**Exercise aim:**
Repeat the data exactly. Pictures are not part of the copy.

**Information provided:**
==*==

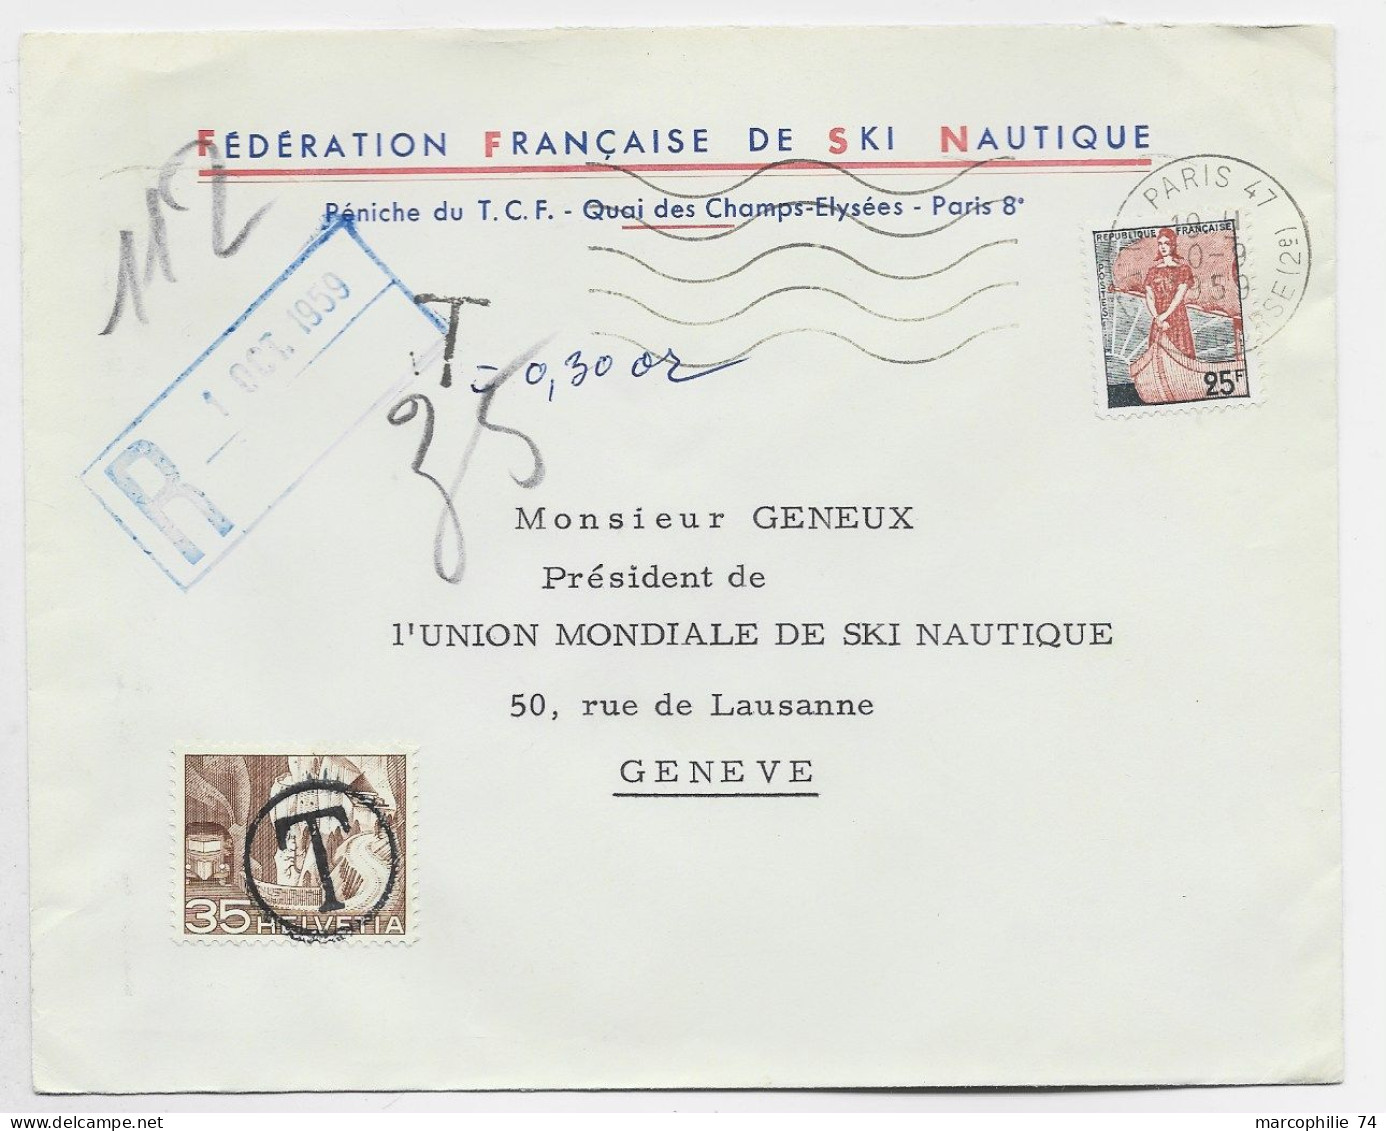 FRANCE LETTRE COVER ENTETE FEDERATION FRANCAISE DE SKI NAUTIQUE MARIANNE A LE NEF 25FR PARIS 1959 POUR SUISSE TAXE 35C - Ski Nautique
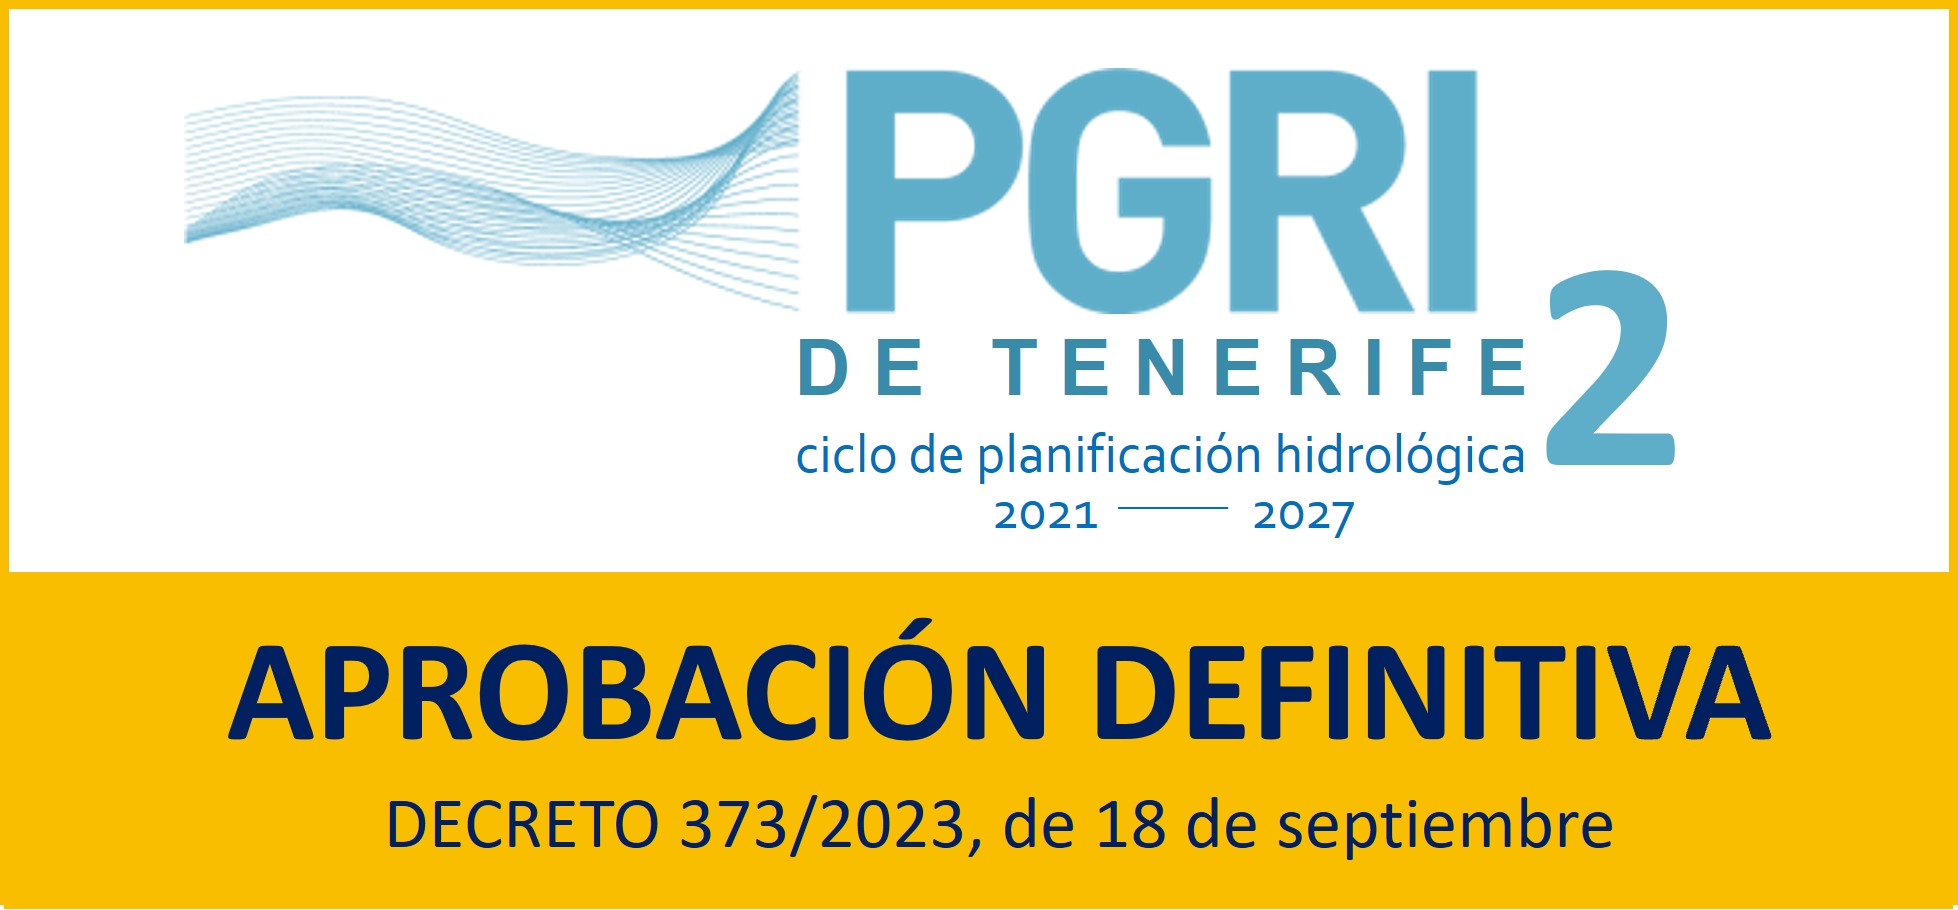 DECRETO 373/2023, de 18 de septiembre, por el que se aprueba definitivamente el Plan Especial de Gestión del Riesgo de Inundación de la Demarcación Hidrográfica de Tenerife, Segundo Ciclo (2021-2027). B.O.C. núm. 191 de 27 de septiembre de 2023
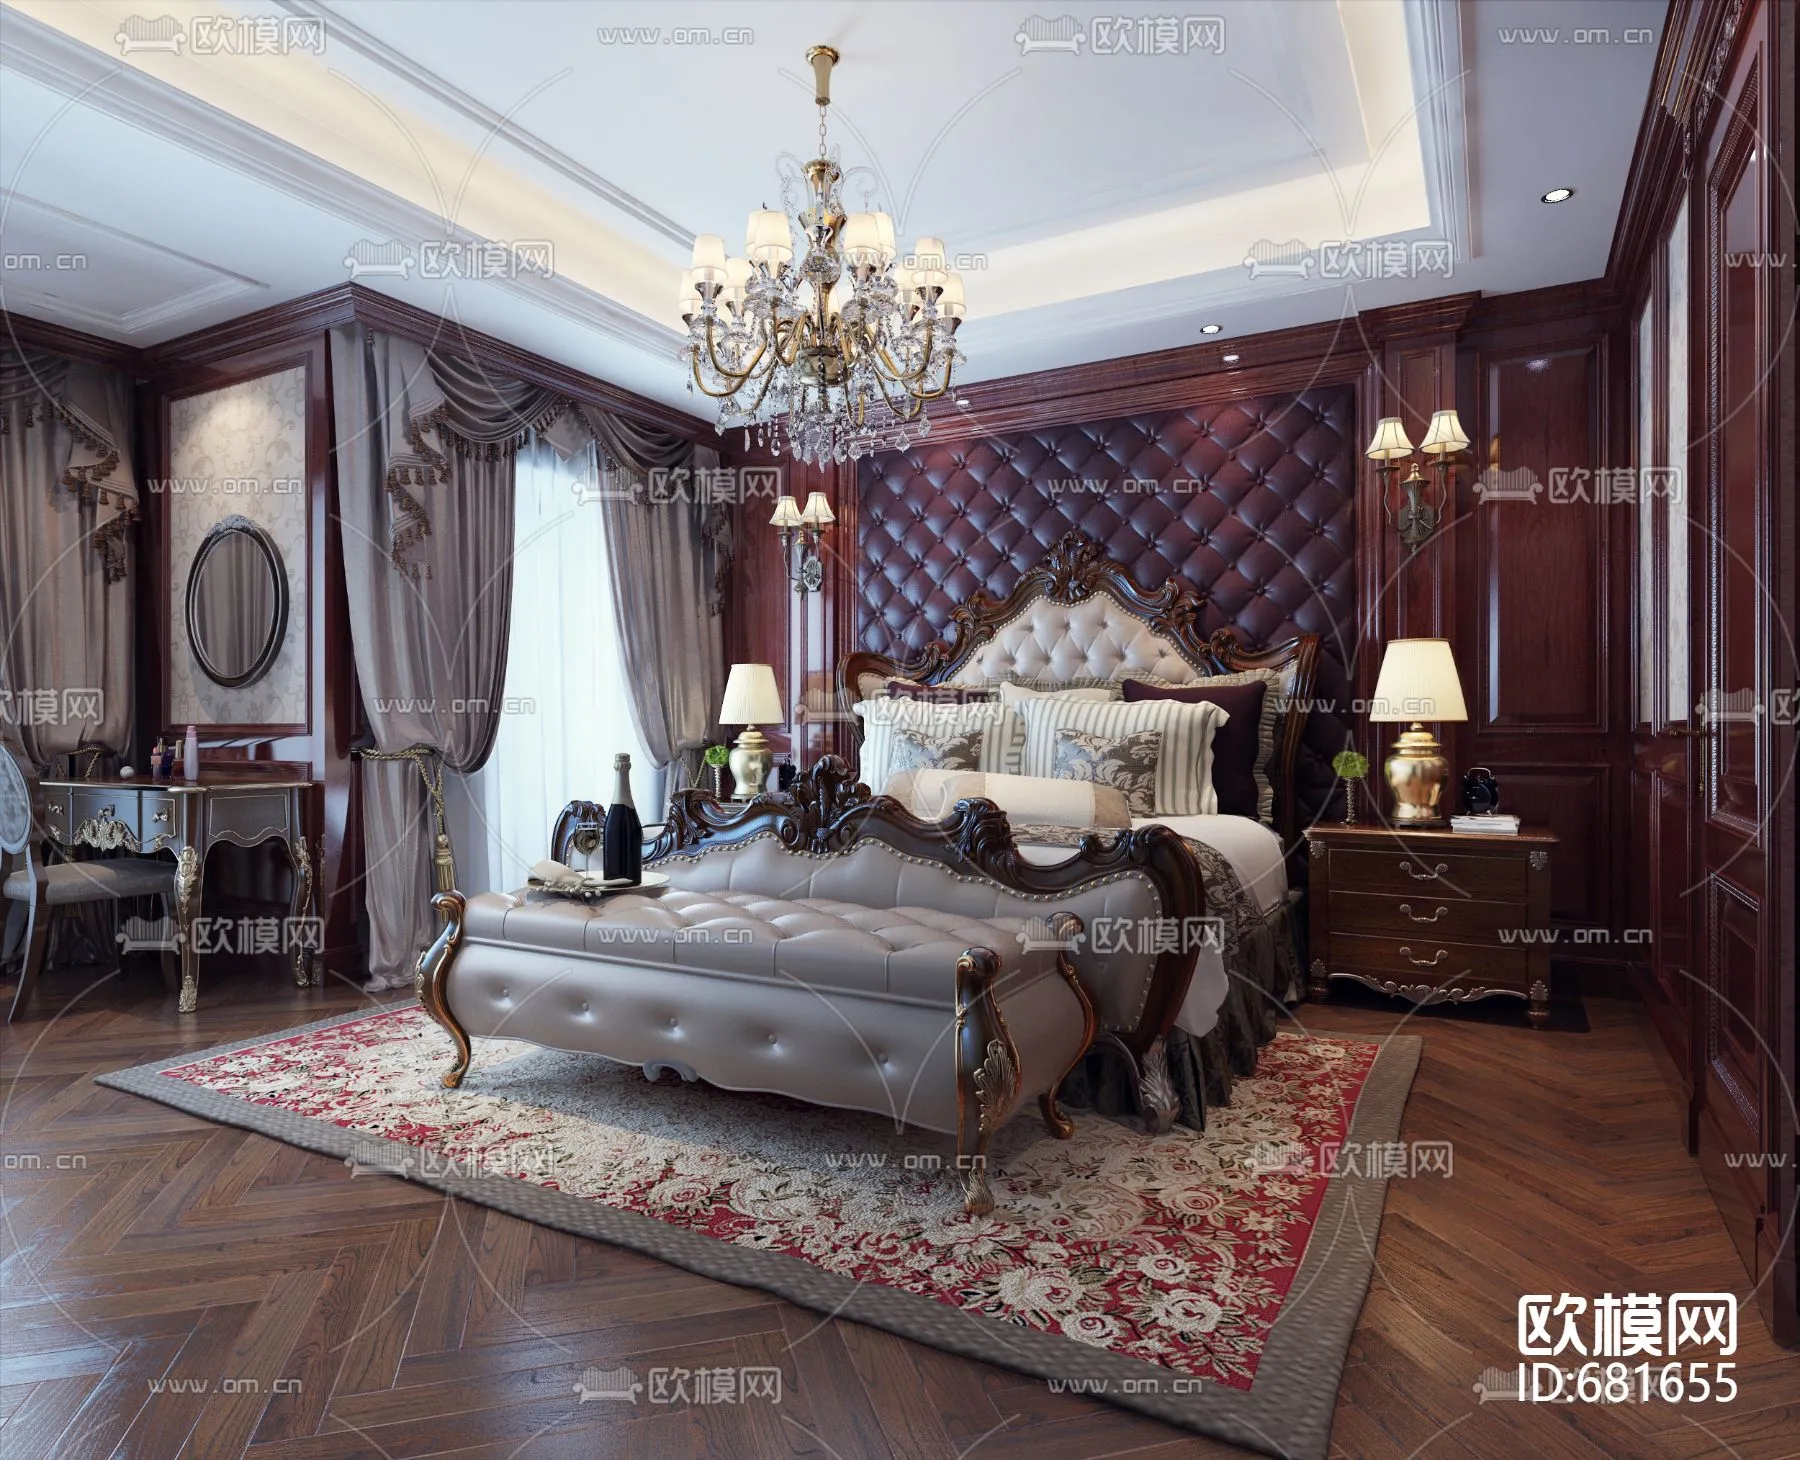 Bedroom 3D Scenes – European – 0158

==*==

**Task answer:**
 FRANCE LETTRE COVER ENTETE FEDERATION FRANCAISE DE SKI NAUTIQUE MARIANNE A LE NEF 25FR PARIS 1959 POUR SUISSE TAXE 35C - Ski Nautique
 DECRETO 373/2023, de 18 de septiembre, por el que se aprueba definitivamente el Plan Especial de Gestión del Riesgo de Inundación de la Demarcación Hidrográfica de Tenerife, Segundo Ciclo (2021-2027). B.O.C. núm. 191 de 27 de septiembre de 2023
 Bedroom 3D Scenes – European – 0158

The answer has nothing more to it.